» EXERCISE DESCRIPTION
Begin at the line bearing "Hauteur du corps : 23". Transcribe it and all subsequent lines of the material below exactly, and nothing more.

» GIVEN INFORMATION

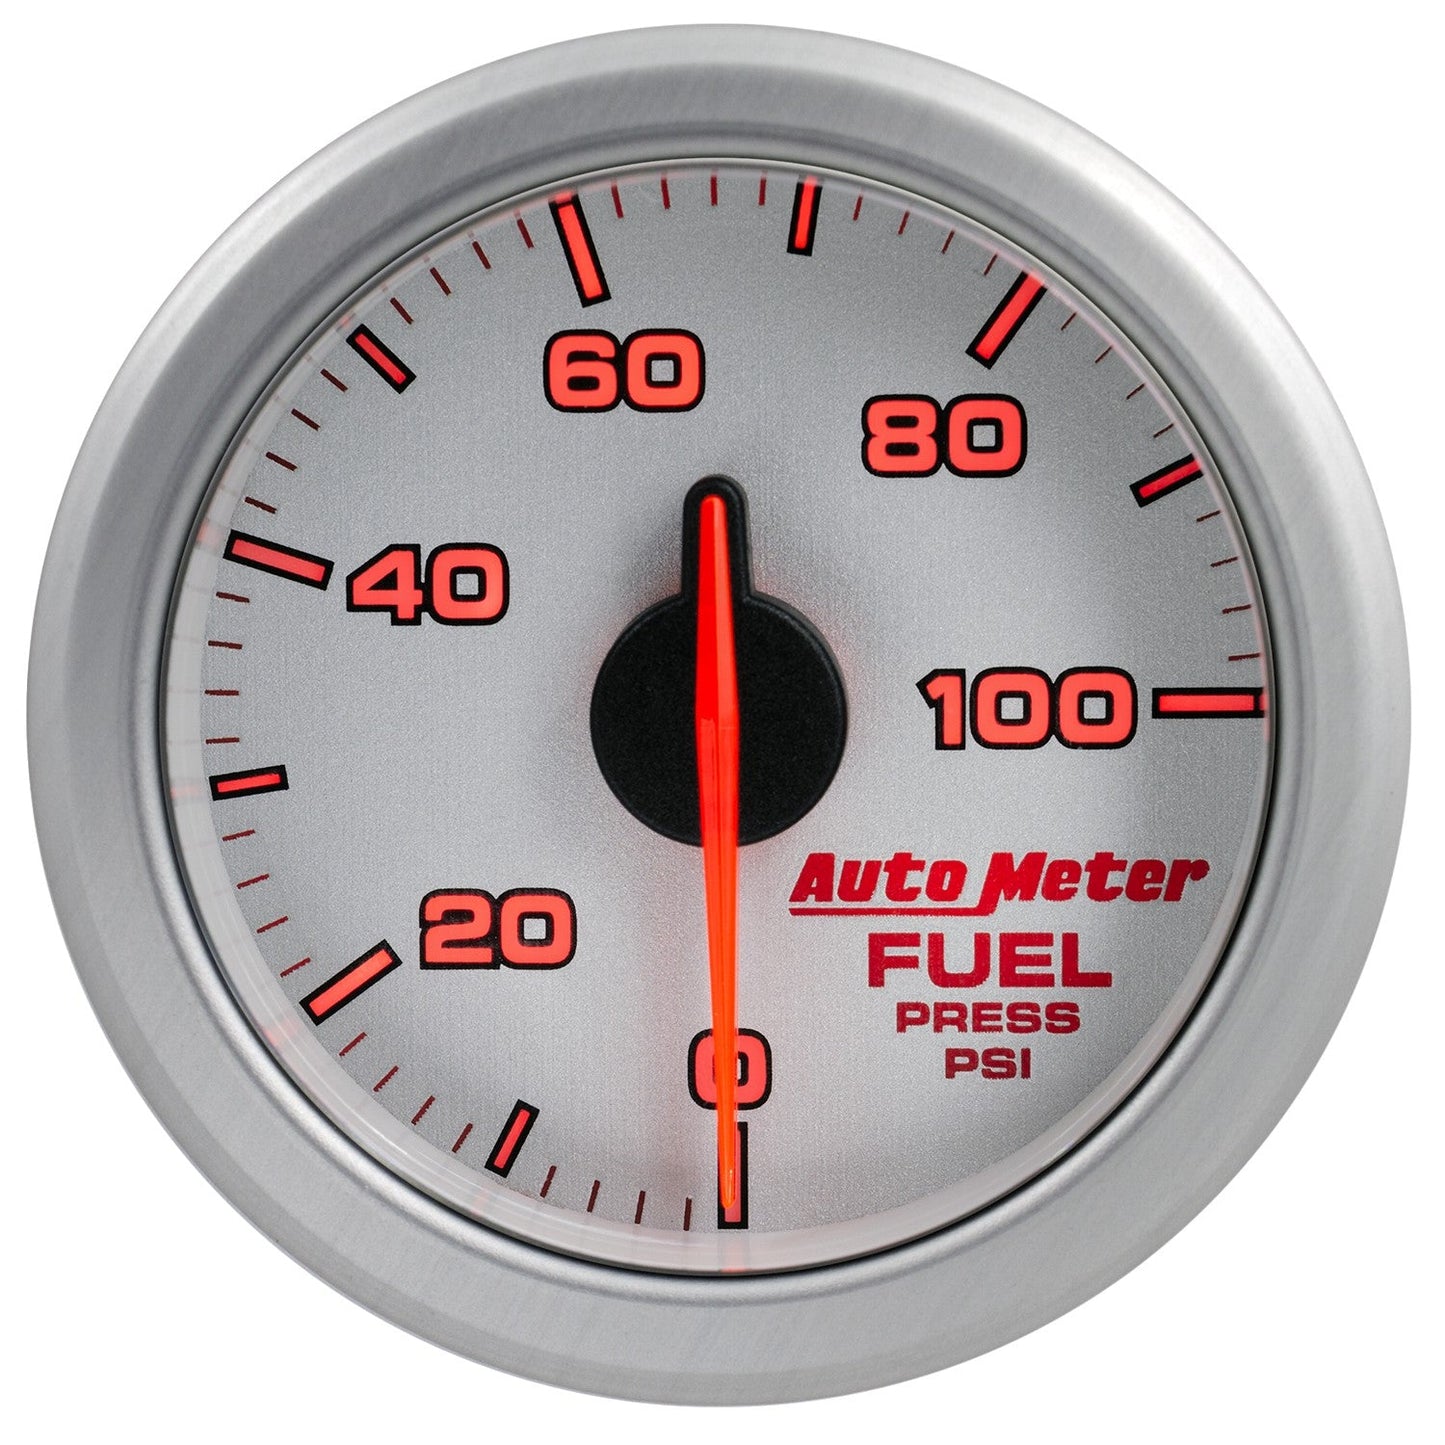 AutoMeter - PRENSA DE COMBUSTIBLE DE 2-1/16", 0-100 PSI, NÚCLEO DE AIRE, ACCIONAMIENTO POR AIRE, PLATA (9171-UL) 
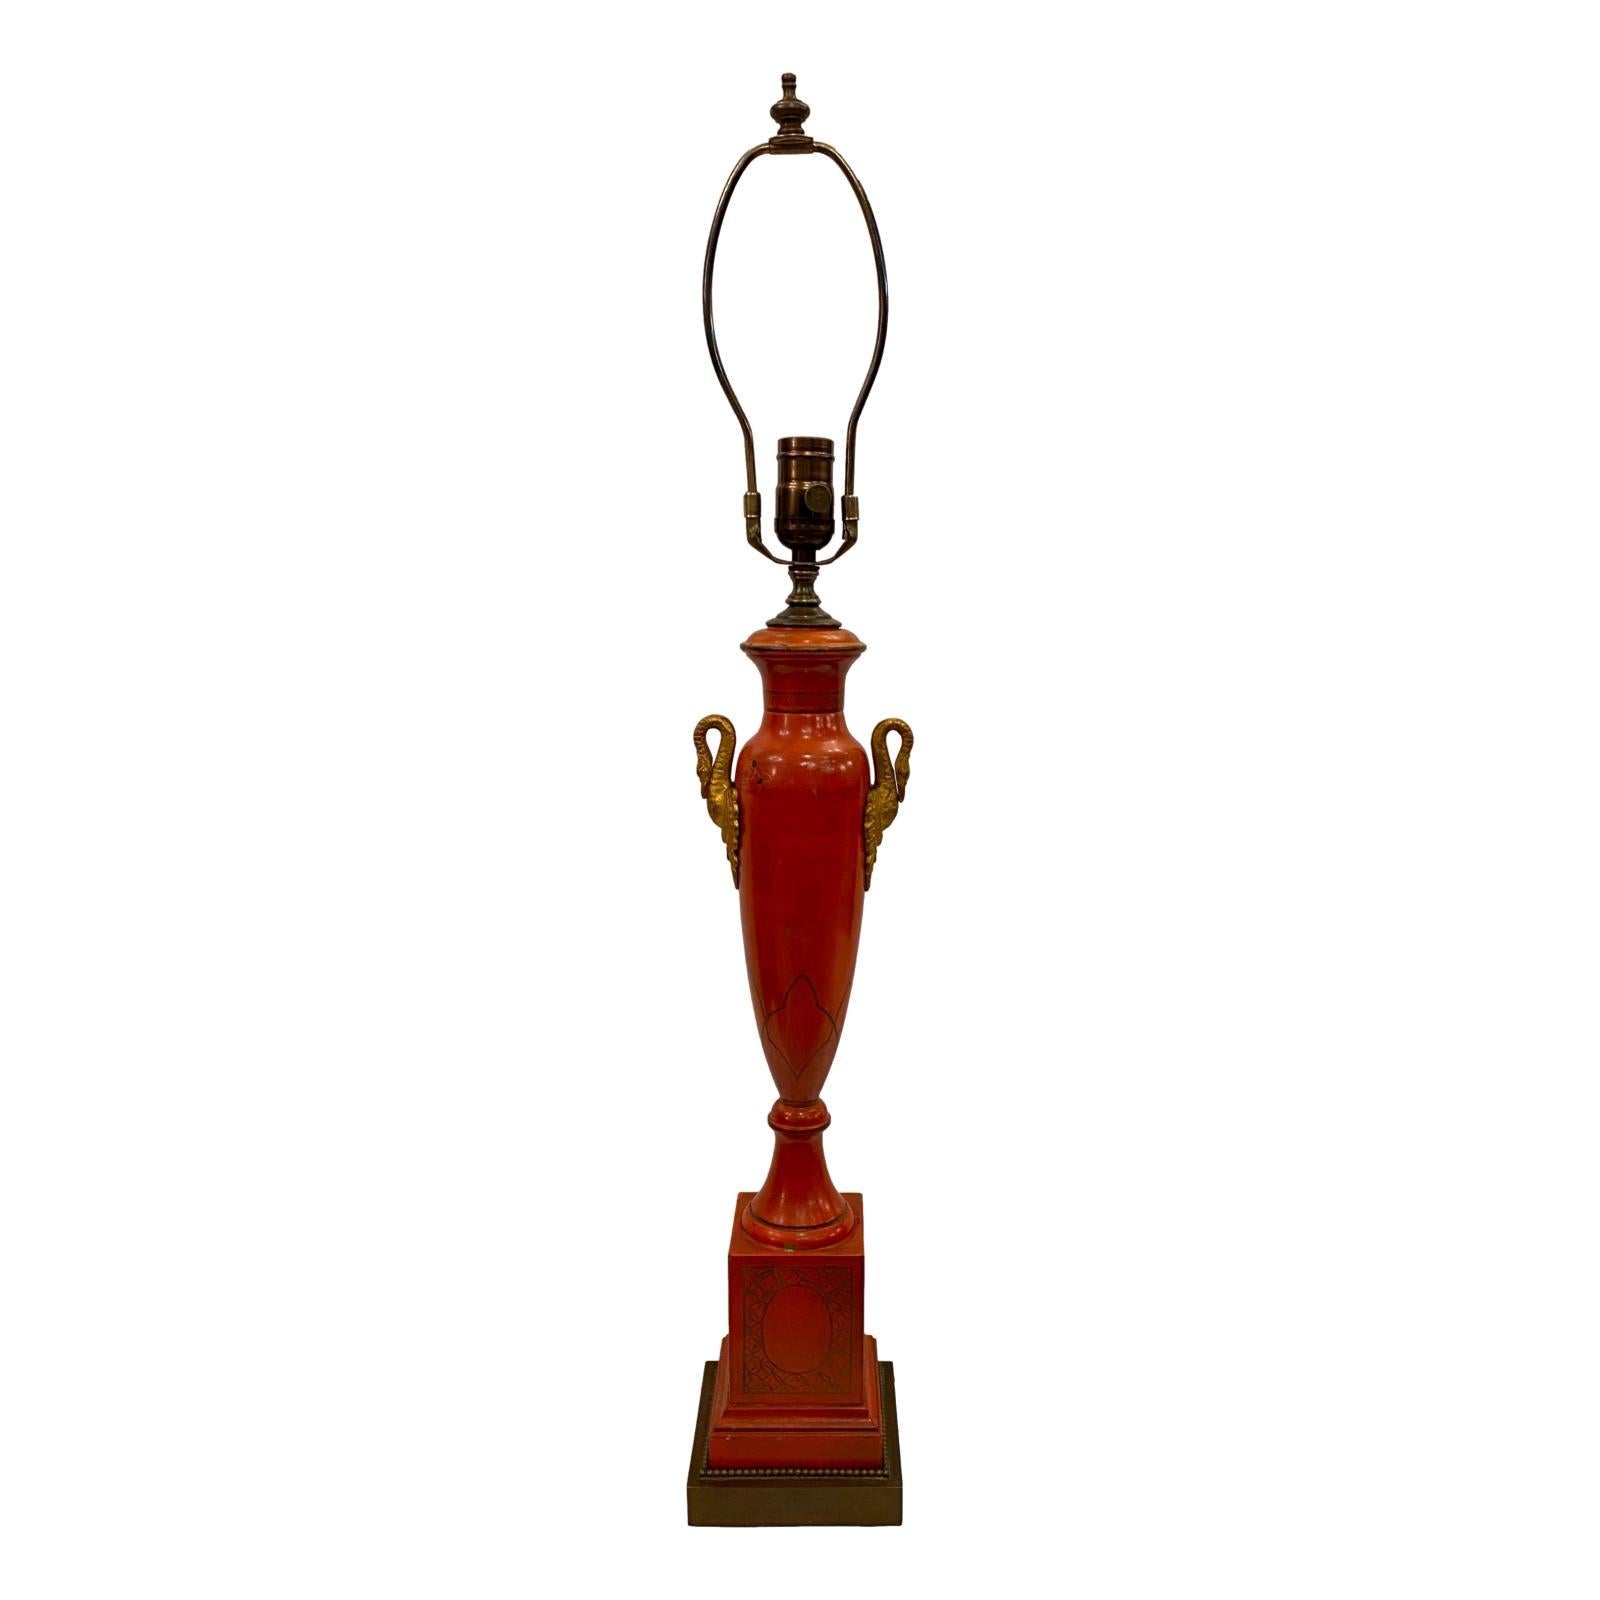 Une seule lampe de table française de style Empire, datant des années 1920, avec des bras de cygne en bronze doré.

Mesures :
Hauteur du corps : 23
Hauteur jusqu'au support de l'abat-jour : 32

» TASK SOLUTION
Hauteur du corps : 23
Hauteur jusqu'au support de l'abat-jour : 32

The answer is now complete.